英米古典怪奇談集Ⅱ『彼方の呼ぶ声』を読んだ

彼方の呼ぶ声:英米古典怪奇談集Ⅱ/ BOOKS桜鈴堂 (編集, 翻訳)

彼方の呼ぶ声: 英米古典怪奇談集Ⅱ

『夜のささやき、闇のざわめき』に続く、傑作怪奇談集第2弾!! 英米の古典怪奇談の中から知られざる良作を厳選し、紹介する本シリーズ。 今回の収録作品9篇は、すべて本邦初訳。荒涼たるブルターニュ地方、 第一次大戦後の貨物船、古代エトルリアの墓地、世界各地を舞台に起こる バラエティ豊かな怪談・綺譚の数々を、とくとご堪能あれ。
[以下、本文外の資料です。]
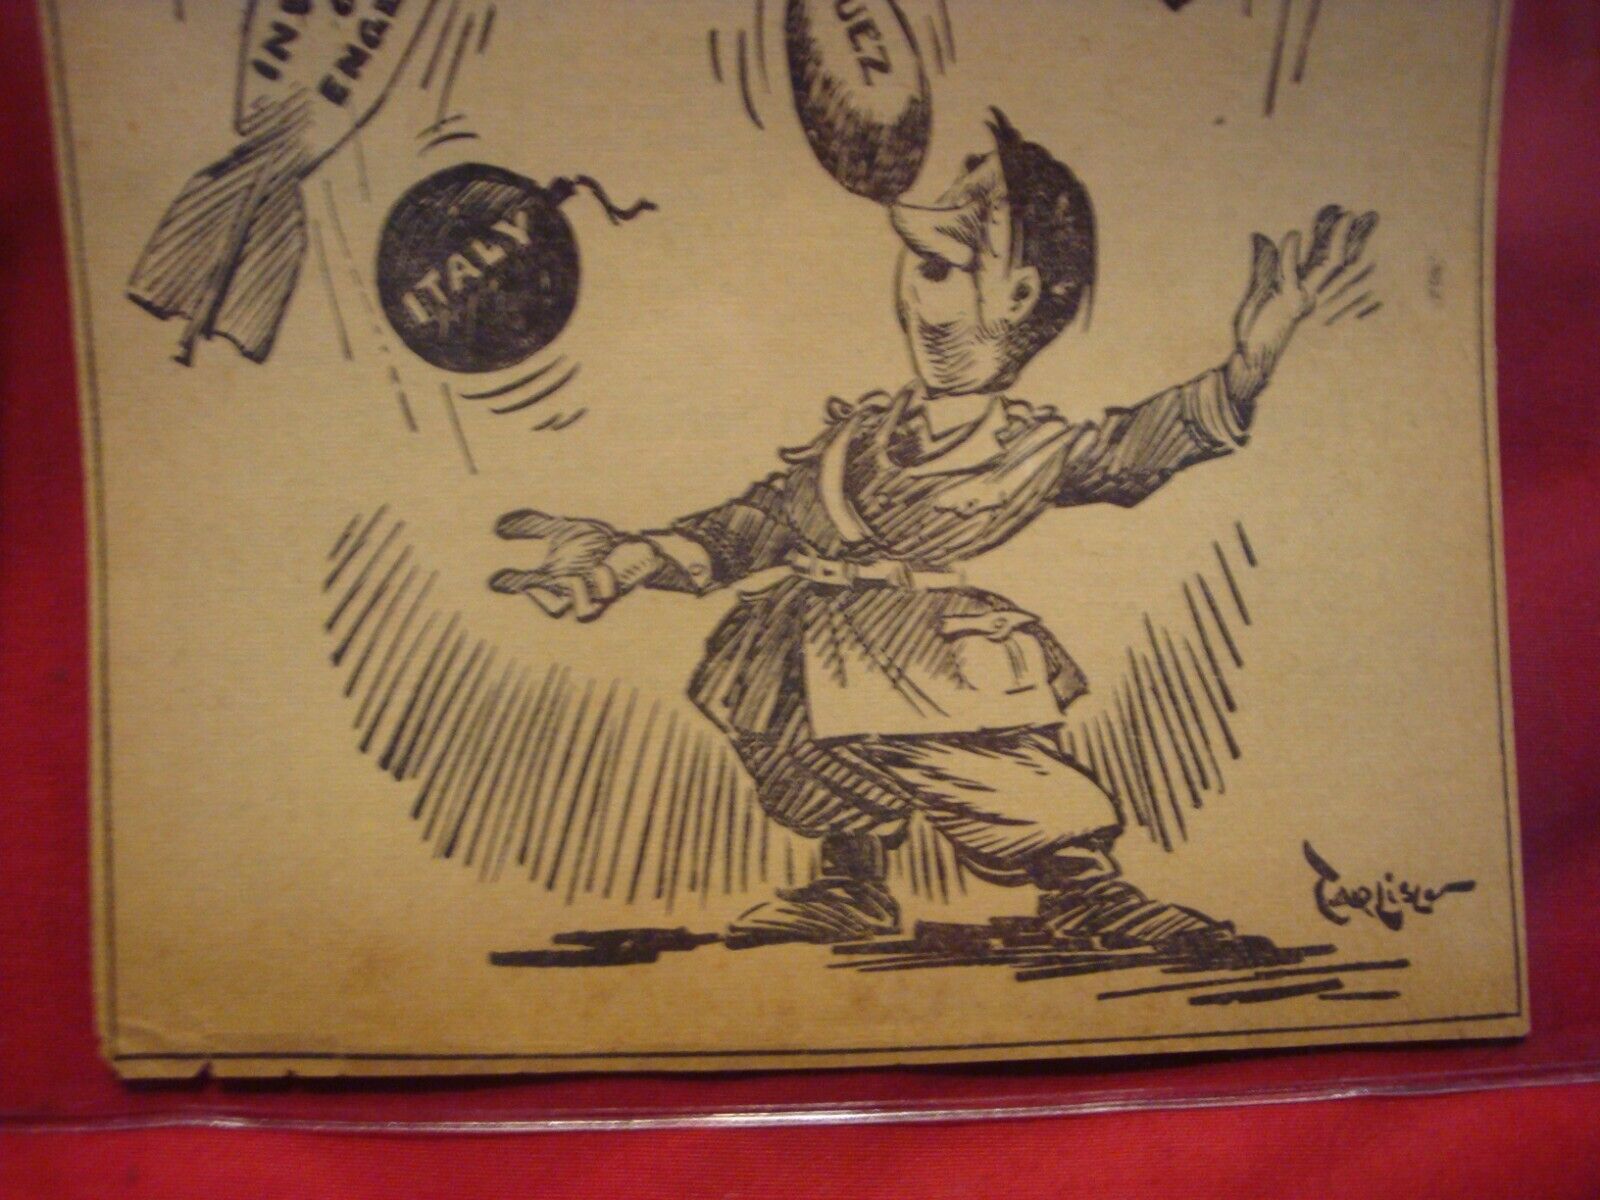 Comical WW2 Satirical Cartoon dated Feb 19 1941 cut out of US Newspaper

前回紹介した英米古典怪奇談集Ⅰ『夜のささやき、闇のざわめき』の続編となる怪奇談集。『夜のささやき、闇のざわめき』ではオーソドクスな古典幽霊譚のショウケイス的な作品が並んでいたが、この第2集ではよりヴィヴィッドで文学的香りのする作品が並ぶことになる。気に入った作品を幾つか並べてみよう。

まずR・W・チェンバース「イスの令嬢」だ。フランスはブルターニュ地方の森で道に迷った旅人が、ミステリアスな鷹匠の女に助けられ、屋敷に招かれるところから物語は始まる。この鷹匠の女は人里離れた森の中で時代から取り残されたかのような生活を営んでいたのだ。まず鷹匠の女、という設定の珍しさに惹かれるではないか。彼女が営む中世の如き生活も謎めいていて興味をそそられる。そしてこの物語、怪異譚というよりも幻想譚として幕引きする部分に大いに感銘させられた。

F・B・オースティン「深き海より」は沈没船のサルベージを委託された船舶が海で出遭う怪異を描いたものだ。そのサルベージされる船とは第1次世界大戦の最中にイギリス海峡に沈められた数百という船の一部なのだ。これまでこのアンソロジーでは、ヴィクトリア朝イギリスを中心とした幽霊譚が並んだが、「第1次世界大戦後」で「海の怪異」といった部分に目新しさを感じた。そして戦争の惨禍はどのような怪異譚よりも惨たらしいものだ。それとこの物語はポーランドSFの巨匠スタニスワフ・レムの短編に類似点が見られ、そういった部分も興味深かった。

T・G・ジャクソン「いにしえの指輪」の舞台となるのはイタリアにあるタルクイーニアと呼ばれる自治区である。このタルクイーニアには現在世界遺産ともなっている古代エトルリア人が遺した墓地遺跡(ネクロポリス)があり、怪異はそこで起こるのだ。調べるとエトルリア人とは古代ローマ以前に先住していた民族であり、古代ローマ人と同化する形で消滅したのだという。こういった設定からしてもういわくありげで楽しいじゃないか。確かに物語的には「指輪の呪い」といった有り体のものだが、この設定の妙と、「キリスト教誕生以前の古の神」という禍々しさが想像力を刺激した。

M・E・ブラムストン「閉ざされた扉」は悪女に恋人を奪われた娘が、数奇な運命からその悪女とかつての恋人との間にできた子供を養育することになる、という物語だ。この子供が早くに亡くなりその幽霊が……という部分では怪異譚であるのだが、そういった部分よりも運命に弄ばれながらも自らを律し健気に生きる女の人生の在り方が妙に読ませるのだ。いわゆるモラリズム文学という事ができるが、そこに幽霊を持ってきて人生訓にしている点で変わり種として読むことができた。